Race held in New Brunswick, Canada (1995–2022)

Marathon by the Sea was an annual marathon (42.195 km/26.219 mi) race held in Saint John, New Brunswick, Canada from 1995 to 2022. The race was a Boston Marathon qualifier, with 17 of the 77 runners qualifying in the 2012 edition of the run. The race was held in early August, but due to Saint John's coastal climate the marathon was known for its cool temperatures in spite of the summer season. The marathon was given a multi-page feature in Runner's World magazine, which called it "A race with a big heart and a warm smile -- and a perfect late-summer spot on the calendar... just right if you're looking for a break from the heat down south."

==Events==
Although the marquee event for Marathon by the Sea was a full marathon race, it also featured a half-marathon, 5K, 10K and kids' run.

==Course==
The original Marathon by the Sea course began and ended in uptown Saint John, in the heart of the city. In 2010, the route was changed; from then on it would begin and end at Rockwood Park in the city's North End.

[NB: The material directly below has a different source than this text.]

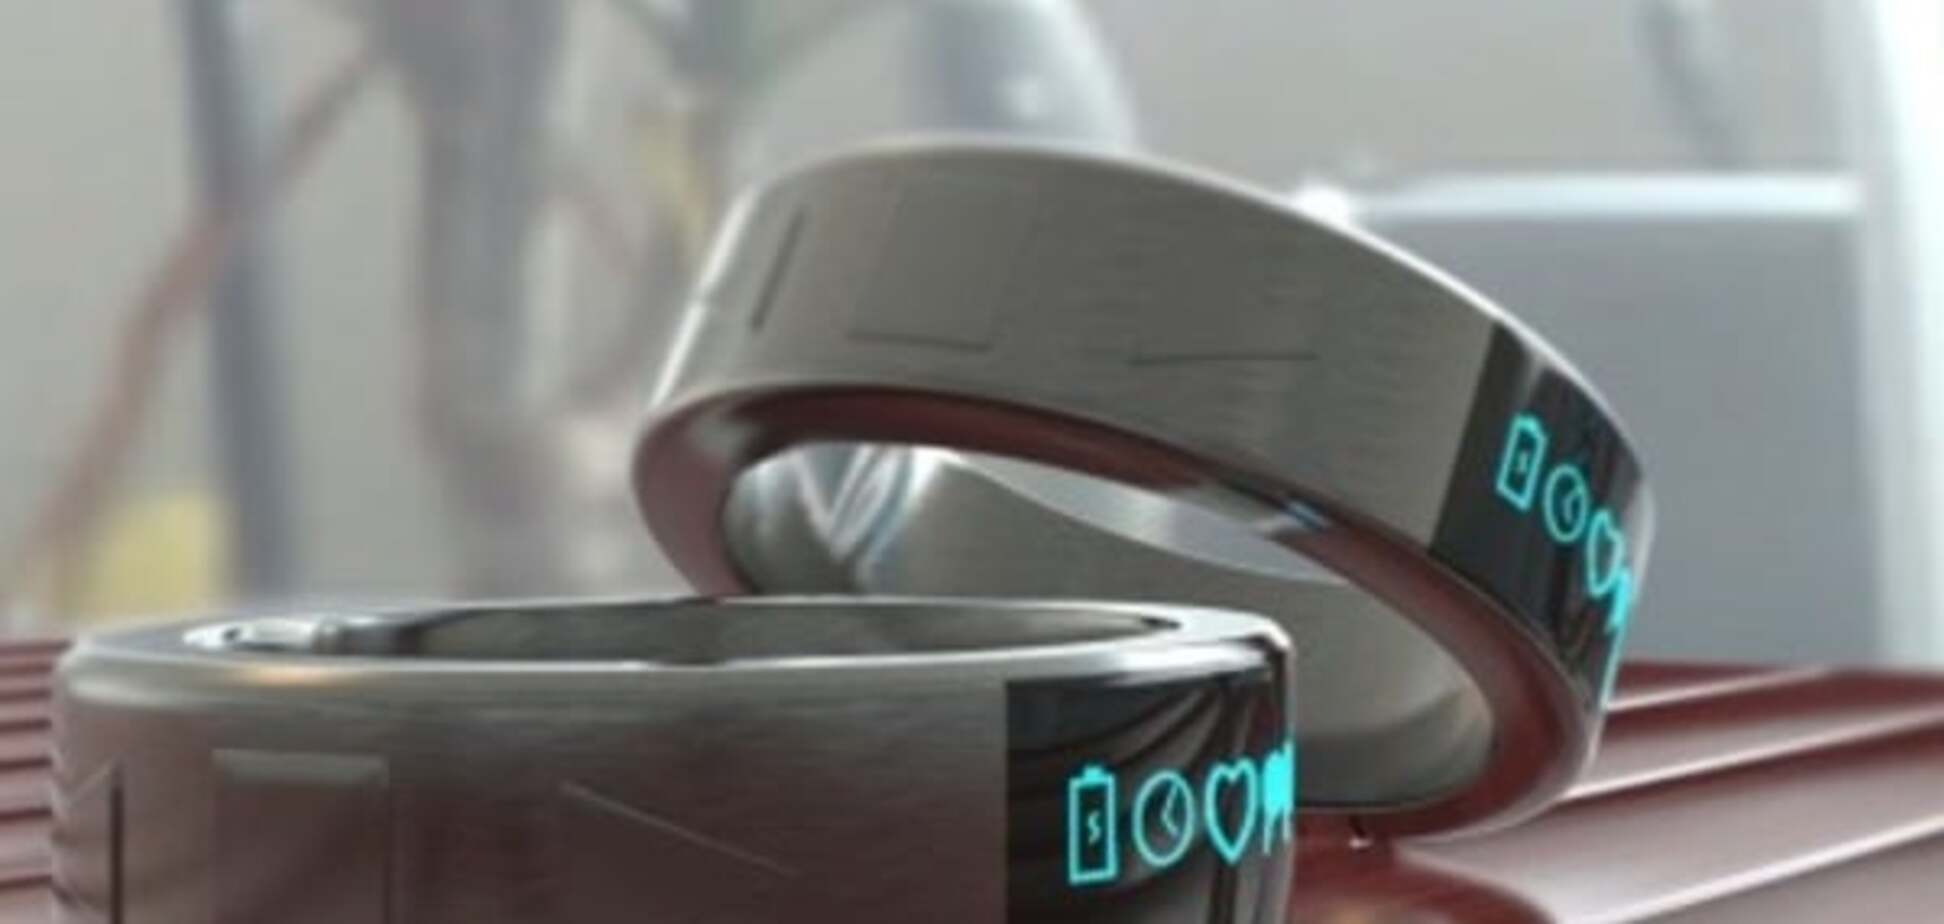 Samsung изобретет умное кольцо для управления гаджетами
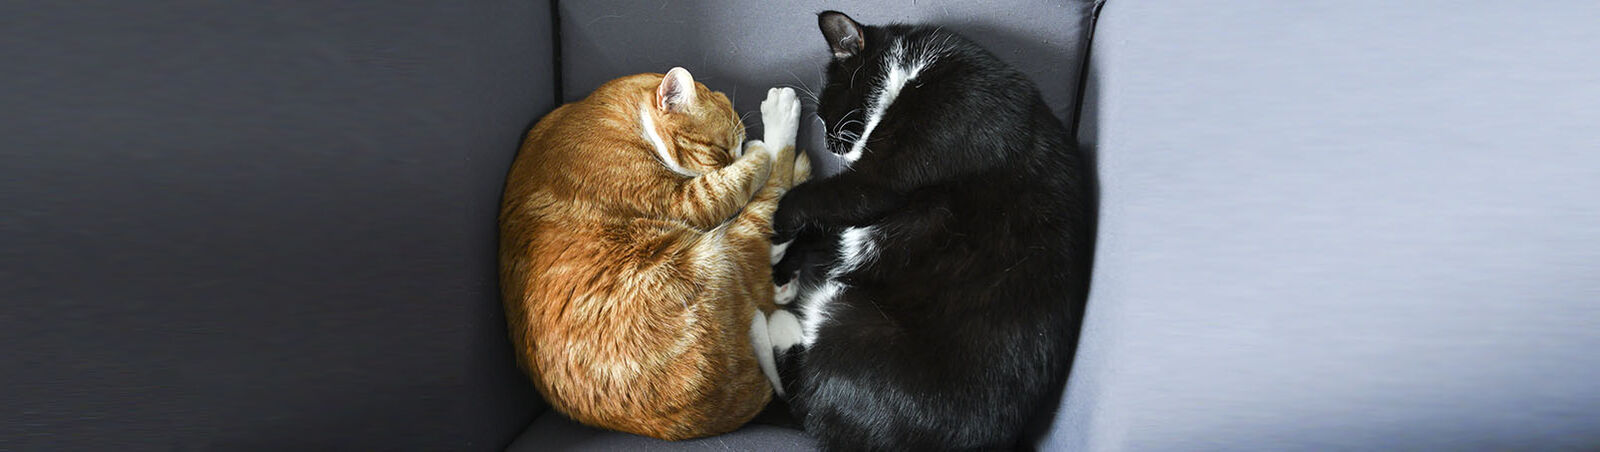 Zwei Katzen kuscheln sich aneinander.

The marathon course began at the Lily Lake pavilion at Rockwood Park before looping around the South End of the city. The course then headed back to the North End briefly before entering the West Side of the city via the Reversing Falls Bridge. After crossing the bridge, the course became a lengthy in-and-out run, crossing the West Side and running into Lorneville. After the turnaround point the race, continued back through the West Side of the city, crossing the reversing falls bridge again and entering the city's North End before heading back to Lily Lake.

==Challenges==
In 2013 Marathon by the Sea, the Fredericton Marathon and Moncton's Legs for Literacy Marathon formed the Tri-City Run. Runners in each of these events, regardless of the distance they ran, received medals that can be combined to form a "mega-medal" known as the "Tri-City Medallion." The June 2013 edition of iRun listed the Tri-City run as one of Canada's unique races.

In 2014 the Miramichi Rock 'n' Run race was added to these three races, forming the "New Brunswick Challenge." Runners completing a race at all four events will receive the New Brunswick challenge medal.